**Information supplied:**
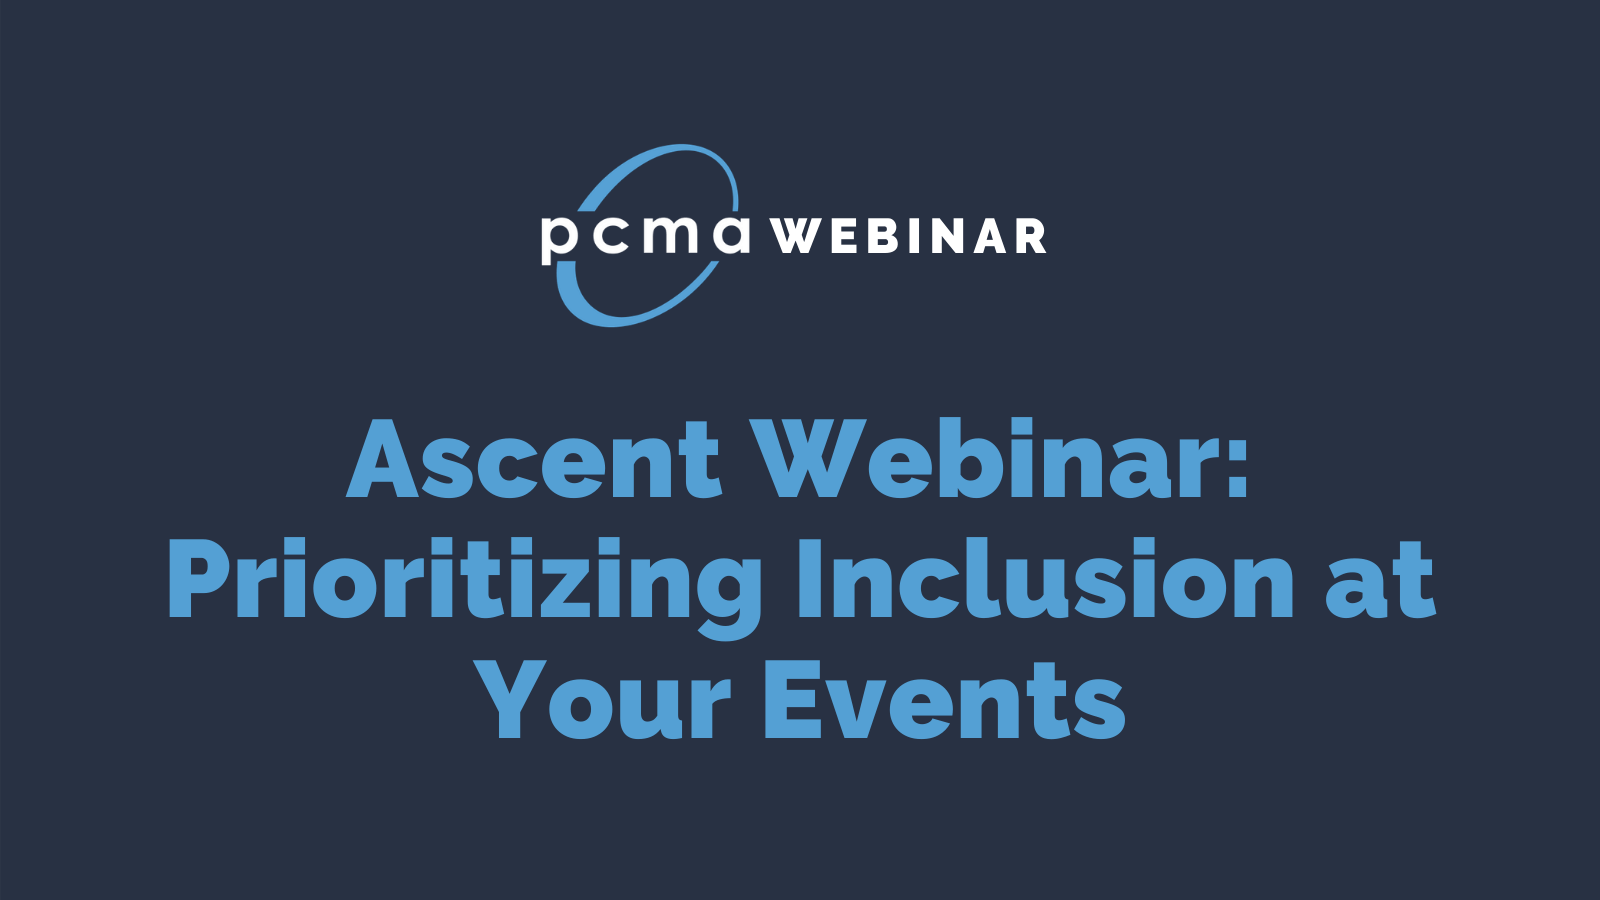 Ascent Webinar: Prioritizing Inclusion at Your Events
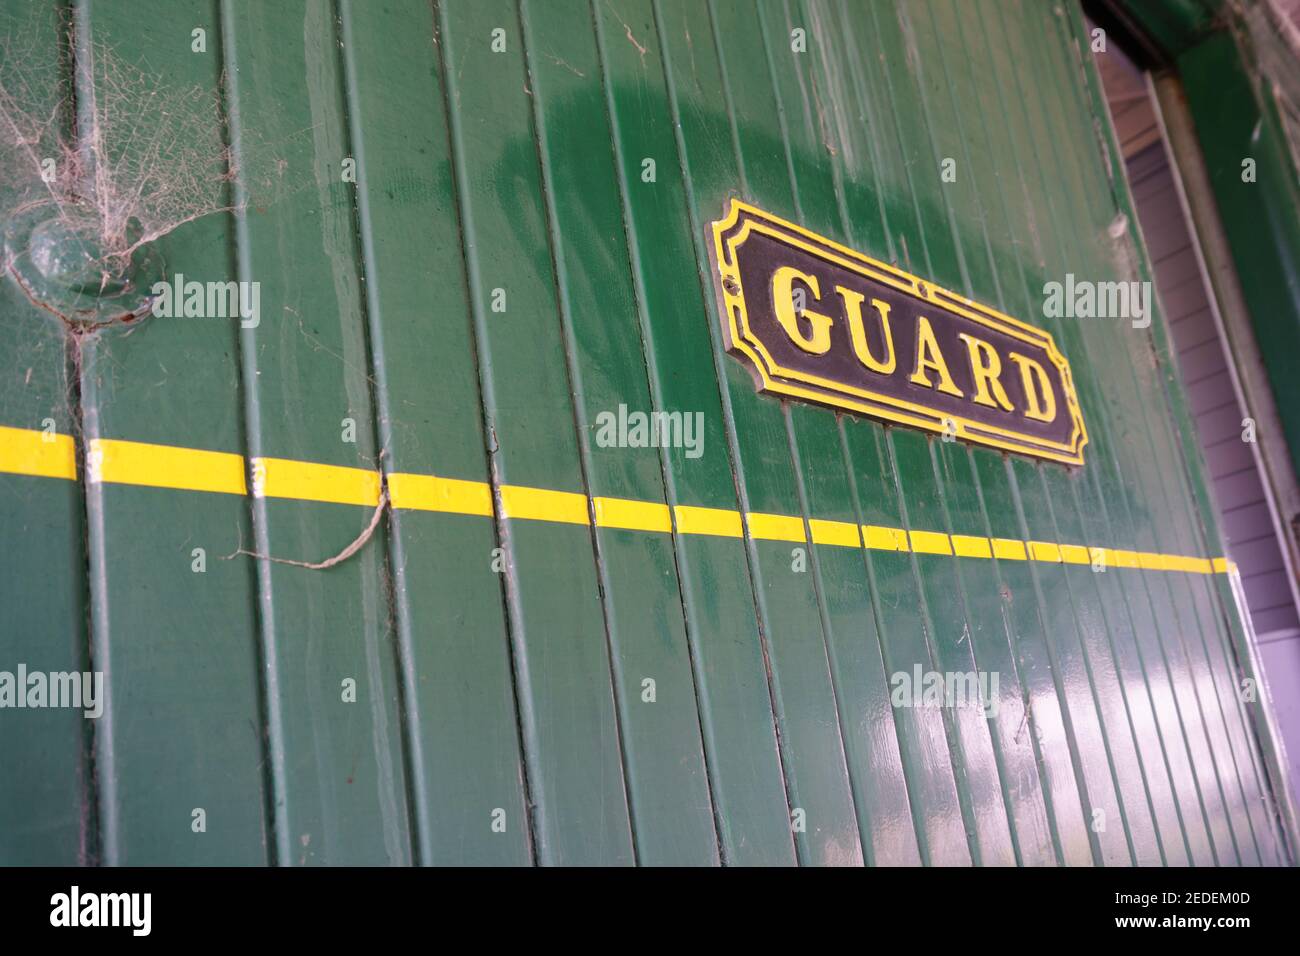 Queenstown New Zealand - February 28 2015; Old-world transportation images of close-up signs or components on vintage steam engine train Stock Photo
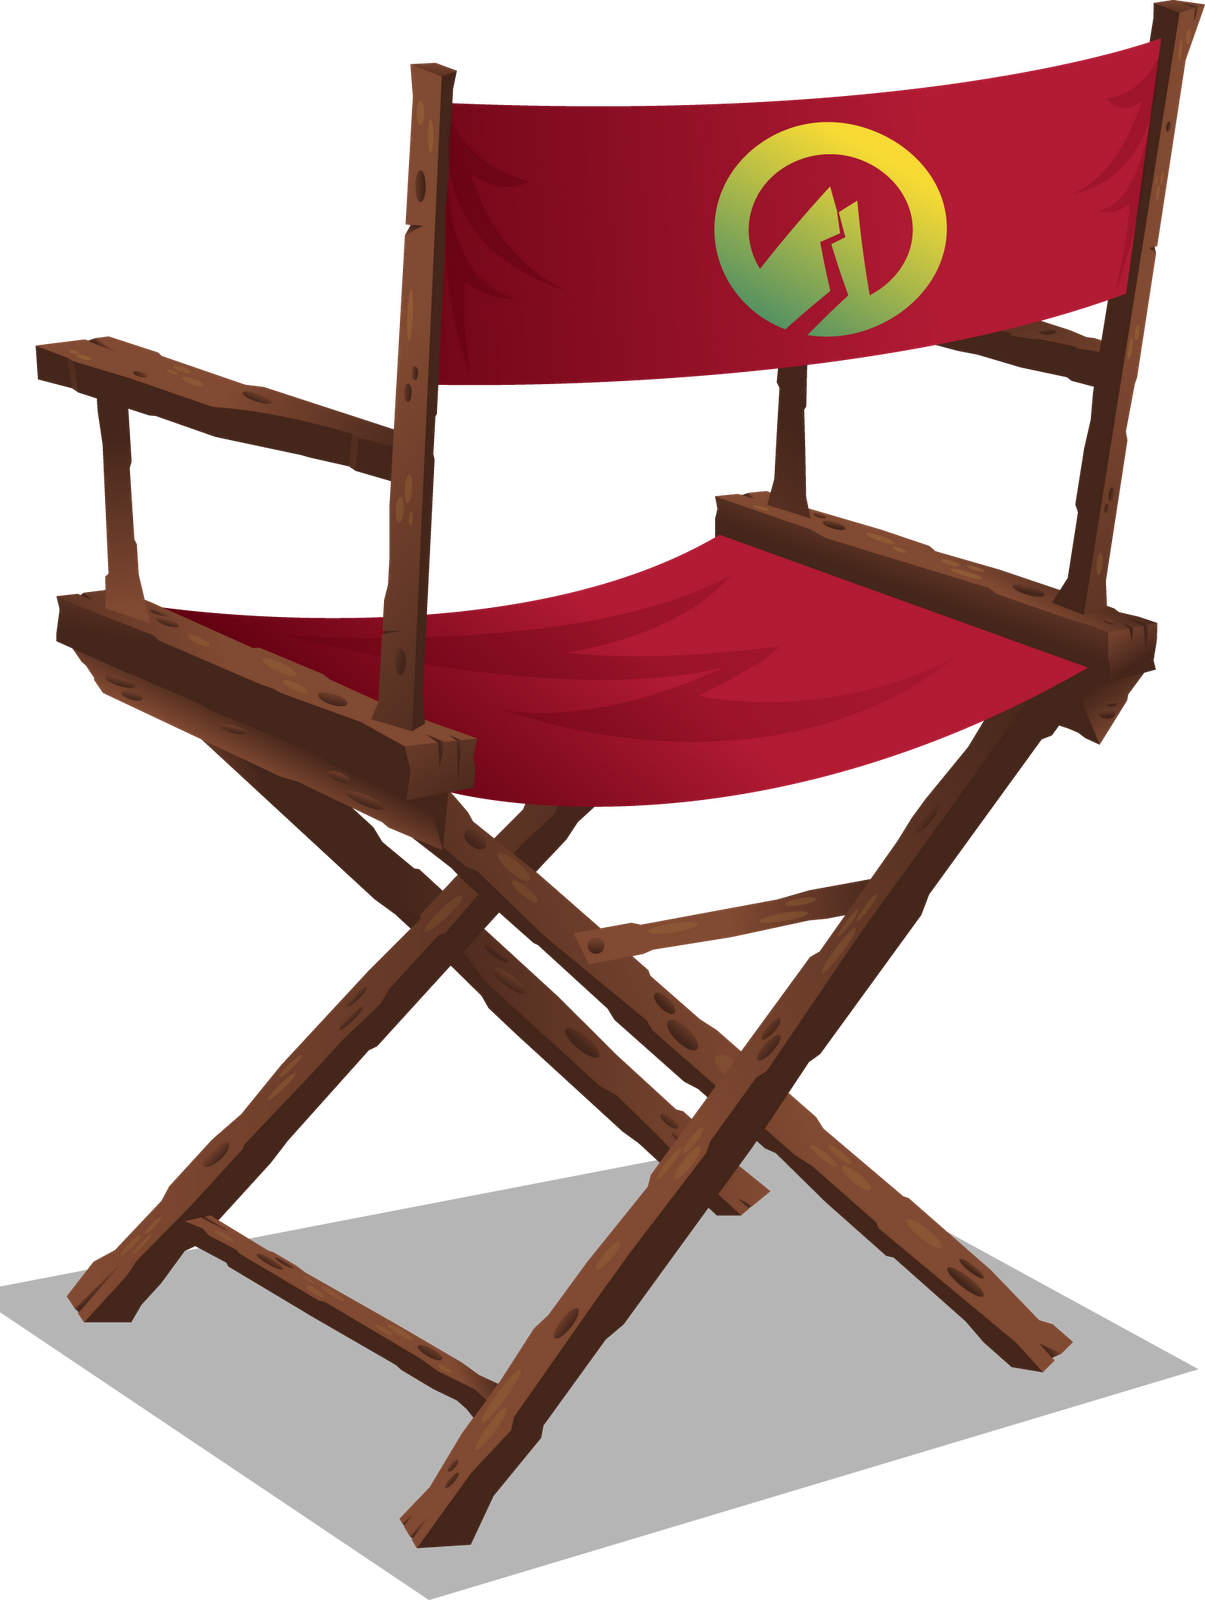 Chair Design Design With Simple Directors Chair Uk - Directors Chair (1205x1600)

**Your assignment:** Pictures are to be left out. Otherwise, copy the material above exactly.

**Written solution:**
 Ascent Webinar: Prioritizing Inclusion at Your Events
 Queenstown New Zealand - February 28 2015; Old-world transportation images of close-up signs or components on vintage steam engine train Stock Photo
 Chair Design Design With Simple Directors Chair Uk - Directors Chair (1205x1600)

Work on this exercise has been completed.